Но, по-моему, ни мама, ни папа этого бегства даже и не заметили: он был увлечен фотографией и постоянно пропадал в экспедициях, она в лаборатории и грантовских исследованиях А еще с нами жила сестра отца, актриса сериалов, которая категорически запрещала называть ее тетей. Только Эммой. Она была вечно в погоне за красотой: сколько ее помню, дома я ее в человеческом облике ни разу не видела: то жуткая маска для лица или для волос, то патчи, то антицеллюлитное обертывание А еще, когда отец возвращался из командировок, у нас постоянно были гости.
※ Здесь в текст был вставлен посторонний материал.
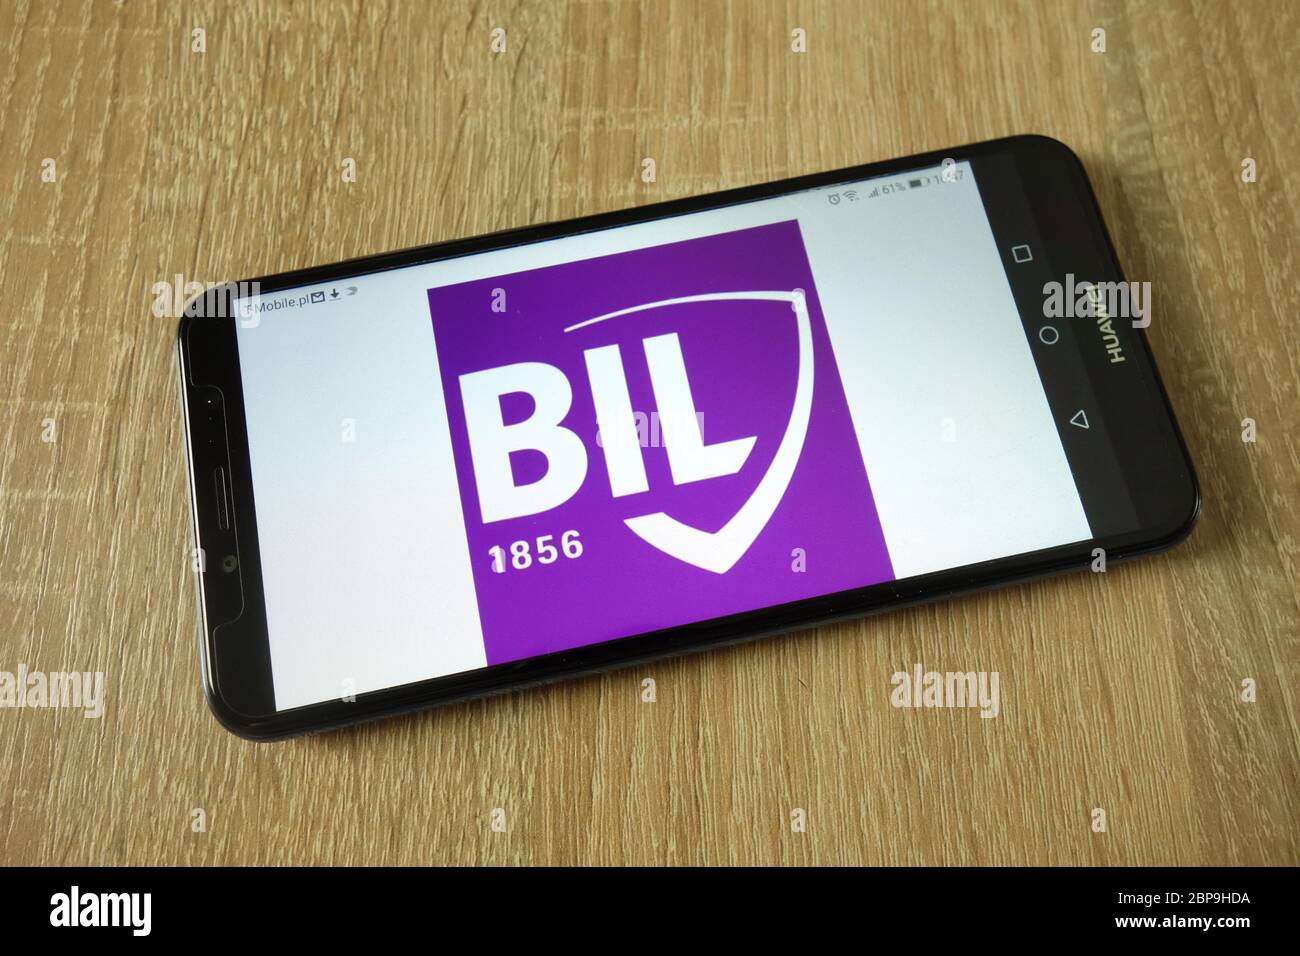 Banque Internationale a Luxembourg (BIL) logo displayed on smartphone Stock  Photo - Alamy

Иногда допоздна. Иногда скопом. Именно благодаря гостям я поняла, что на кухне хрущевки может уместиться до восемнадцати человек в нормальном и до двадцати пяти в одухотворённом красивыми снимками состоянии.
Зато в семь лет я уже сносно жарила яичницу, в восемь забирала младших из детского сада, в десять оплачивала счета за коммуналку, а в тринадцать я нечаянно оказалась у бабушки. Тогда с ней случился гипертонический криз. Отец был в очередной командировке, мама в отчетах, а младшая как раз освоила варку макарон. В общем, я переехала на другой конец города к ба, чтобы помочь ей первое время после больницы. Думала это на пару недель. Ну месяц-два. Оказалось Оказалось, что насовсем.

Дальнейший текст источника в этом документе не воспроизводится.